As shown in Figure 5, the high agreement between the different beams of ICESat-2 is shown by the peak distribution of residual values around zero. The STD and bias of the 21,315 valid crossovers in the study area were 0.82 m and −0.03 m, respectively.

Analyzing the time-varying rule of the crossover difference of each beam is a key step in the adjustment [26,29]. Figure 6 shows the variation of the crossover differences with observation time. It was found that, regardless of whether it was relative to the absolute observation time or the time span, the distribution of the crossover differences was relatively stable, and there was no significant systematic bias on the whole or locally. Figure 7 shows the distribution of crossover differences for each RGT. Blank areas are caused by missing data. The crossover differences of any track (including the six beams) were relatively symmetrically distributed around the 0 value, indicating that the data products of ICESat-2 have a high relative measurement accuracy. It should be noted that main systematic biases in the ICESat-2 data products were calibrated [16,47,48]. However, ATL03 data products may still have small residual systematic biases [22,41].

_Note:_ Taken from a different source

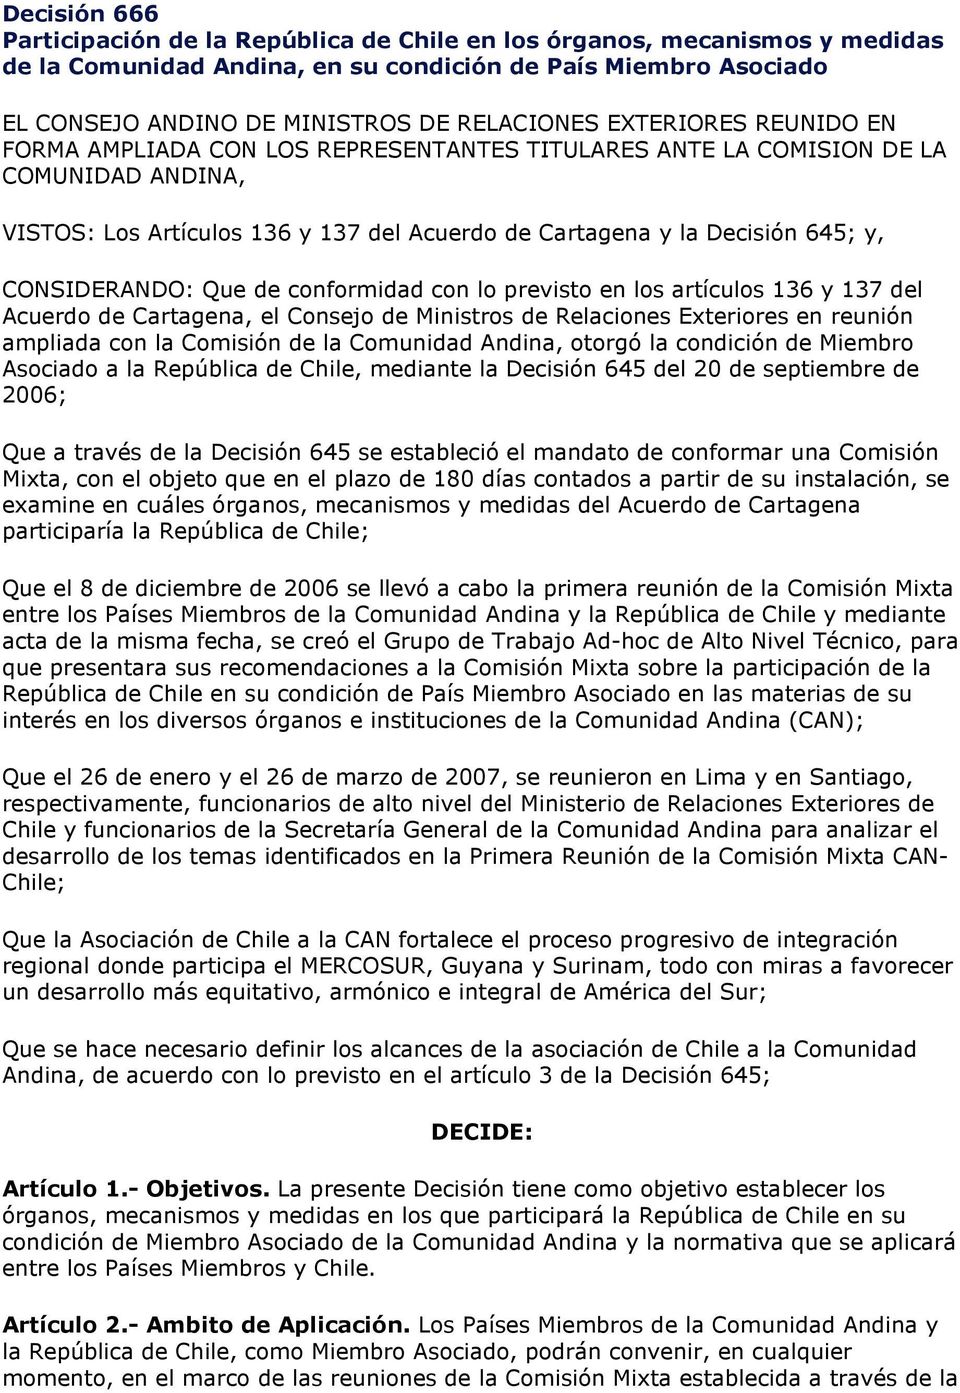 CONSIDERANDO: Que de conformidad con lo previsto en los artículos 136 y 137 del Acuerdo de Cartagena, el Consejo de Ministros de Relaciones Exteriores en reunión ampliada con la Comisión de la

3.2. Simulation Validation of Crossover Adjustment

Considering that the systematic bias in the ICESat-2 data product had calibrated, we randomly added a systematic bias in the range of [−0.5 m, 0.5 m] to the elevation data of some beams to obtain trajectory data with biases, so as to validate the effectiveness of the adjustment method. Note that the bias of 0.5 m refers to the conclusion of the simulation study of the ICESat-2/ATLAS official algorithm group. When the laser off-pointing is 5°, the radial error will reach 0.43 m (the 5° represents the off-pointing limit for science collection, and generally off-pointing will not exceed 1.7°) [49]. The beams with added biases are distributed at different RGTs and periods; see

Table 2. ICESat-2 data with added systematic biases.

Date	RGT	Cycle	Strong/Weak	Beam
20190130	0501	02	strong	gt1l
20190604	1027	03	strong	gt1l
20190730	0501	04	strong	gt1l
20191002	0082	05	strong	gt2r
20200203	0585	06	strong	gt1r
20200428	0501	07	weak	gt1l
20200826	0943	08	strong	gt2l
20201223	1385	09	strong	gt3l
20200223	0943	10	weak	gt3l
20210422	0440	11	strong	gt1r
20210922	1385	12	strong	gt3r
20211001	0143	13	weak	gt3l

for details.

Table 3. Residuals of crossover differences before and after adjustment.

	STD (m)	Bias (m)	MAX (m)	MIN (m)
Before adjustment	0.82	−0.02	9.91	−9.78
After adjustment	0.80	0.00	9.47	−9.83

lists the residual results of the crossover difference before and after adjustment. The adjustment reduced the residual at the crossover, and the STD was reduced from 0.82 m to 0.80 m. The estimated systematic bias of each beam after adjustment is shown in Figure 8. The red star represents the beam with the added bias. It was found that, excepting for the beams marked with a star, the estimated systematic biases of almost all beams were distributed within ±0.20 m, and most of the estimated systematic biases were less than 0.10 m. The STD of the estimated systematic bias of all beams was 0.10 m, and the MAE was 0.08 m.

In order to explore the accuracy change in the data from each beam before and after adjustment, Figure 9 shows the adjustment results of the data from the 12 laser beams marked by the red star, i.e., the laser data with added errors. Each beam is plotted as along-track distance and elevation. The blue and red scatter points represent the spaceborne laser data before and after adjustment, respectively, and the green scatter points are the airborne lidar data. Furthermore, a local enlarged image at the position of the black dashed box is provided to better show the adjustment results. Although the spaceborne laser data exhibited greater spread (roughness) than the airborne lidar data, for all 12 beams, the spaceborne laser data fitted the airborne lidar data better after adjustment than before adjustment. For beams 0501-02-strong-gt1l, 1027-03-strong-gt1l, 0501-04-strong-gt1l, 0585-06-strong-gt1r, 1385-09-strong-gt3l, 0943-10-weak-gt3l and 0143-13-weak-gt3l, the adjusted spaceborne laser data are in better agreement with the airborne lidar data. For beams 0082-05-strong-gt2r, 0501-07-weak-gt1l, 0943-08-strong-gt2l and 1385-12-strong-gt3r, the changes in spaceborne laser data before and after the adjustment are all small, and are always in agreement with the airborne lidar data.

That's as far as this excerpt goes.